If this were your best friend, would you allow her to continue in this relationship? I think not. Being alone is far better then dealing with someone who makes you feel "less then" in any way shape or form.

This guy is not worthy of you, and he's trying to make you feel inferior to level the playing field. Stand up, realize you do not have to take this, and show him the door. You are worth so much more then this. You are so worth someone who will make you feel so incredibly special, who will take care of you and help you out when you are so tired.

Please, realize you are worth more then this.

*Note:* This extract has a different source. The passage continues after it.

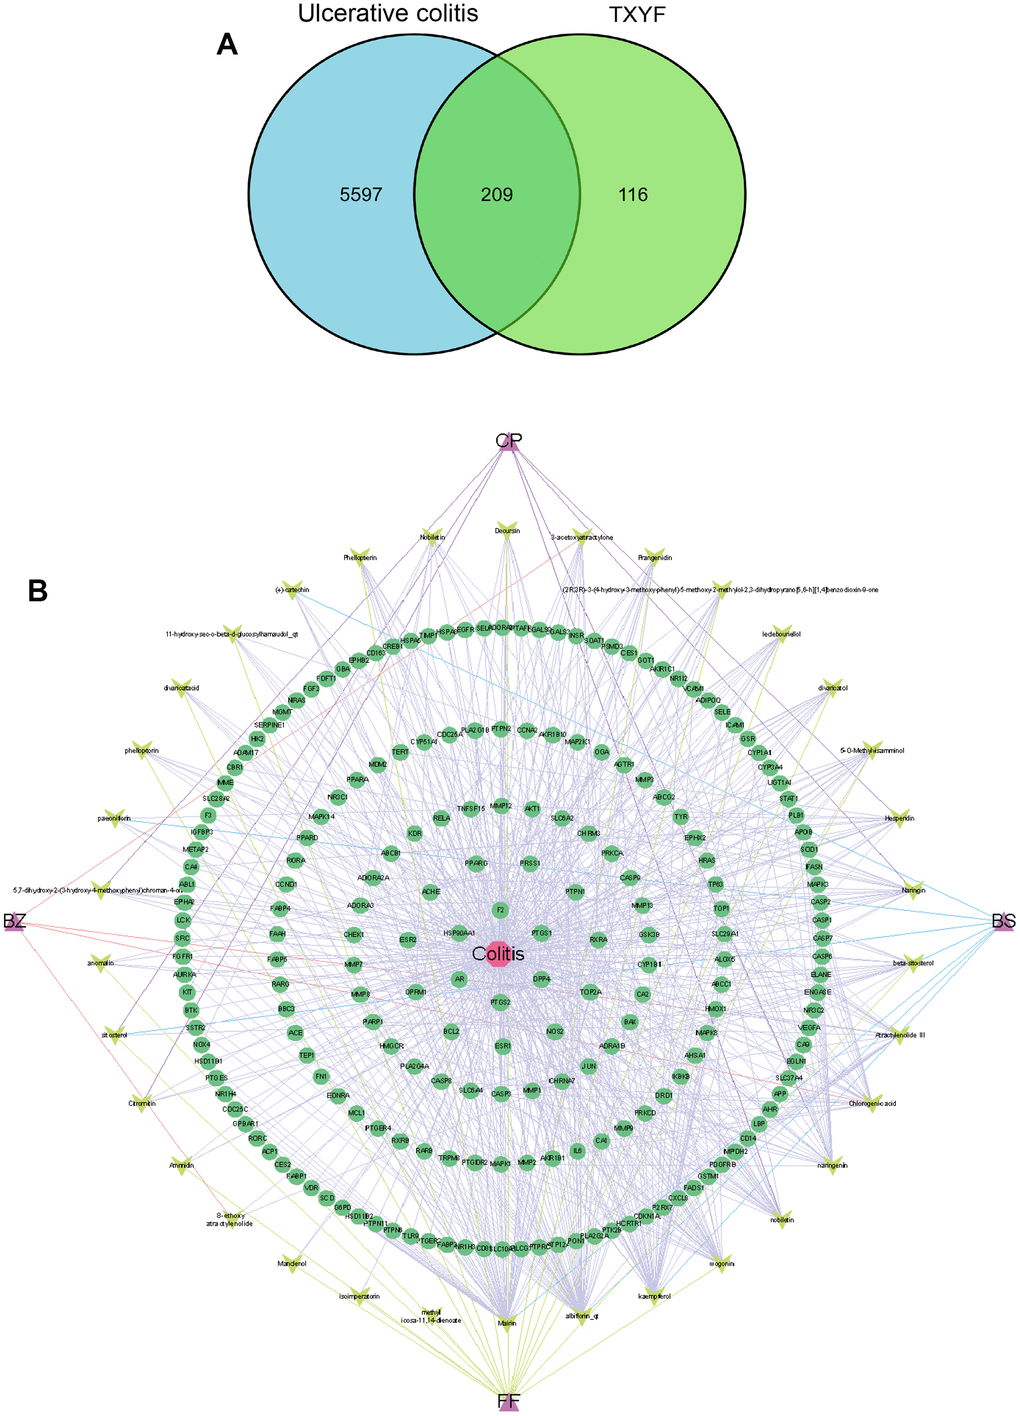 The network of active ingredient-effective target of TXYF in UC. (A) The Venn graph illustrated 209 common targets in-between 325 targets of TXYF and 5806 UC-related targets. (B) The network of active ingredient-effective target of TXYF in UC. Tongxie-Yaofang formula (TXYF).

LoriBreathintoLive said...

Someone who exhausts you can not be an asset in your life. You have your home...and in your home you must have peace. Do what is necessary to have peace..the rest will come...be well

Anonymous said...

I know this blog was written four months ago, and I hope things have changed since this blog. If not please leave him. Find it somewhere in you to leave him. We have one life to live. You sound like a very hard working, independent woman. You've bought a house all by yourself. He has done nothing. Don't waste YOUR OWN life with a nobody. "I know this is a very childish thing to complain about, I get it. There are many people in the world with much bigger problems." You are right about many people in the world with bigger problems but a problem is a problem. If it is a nuisance in your life it matters and needs to be dealt with. I am praying for you. Hugs!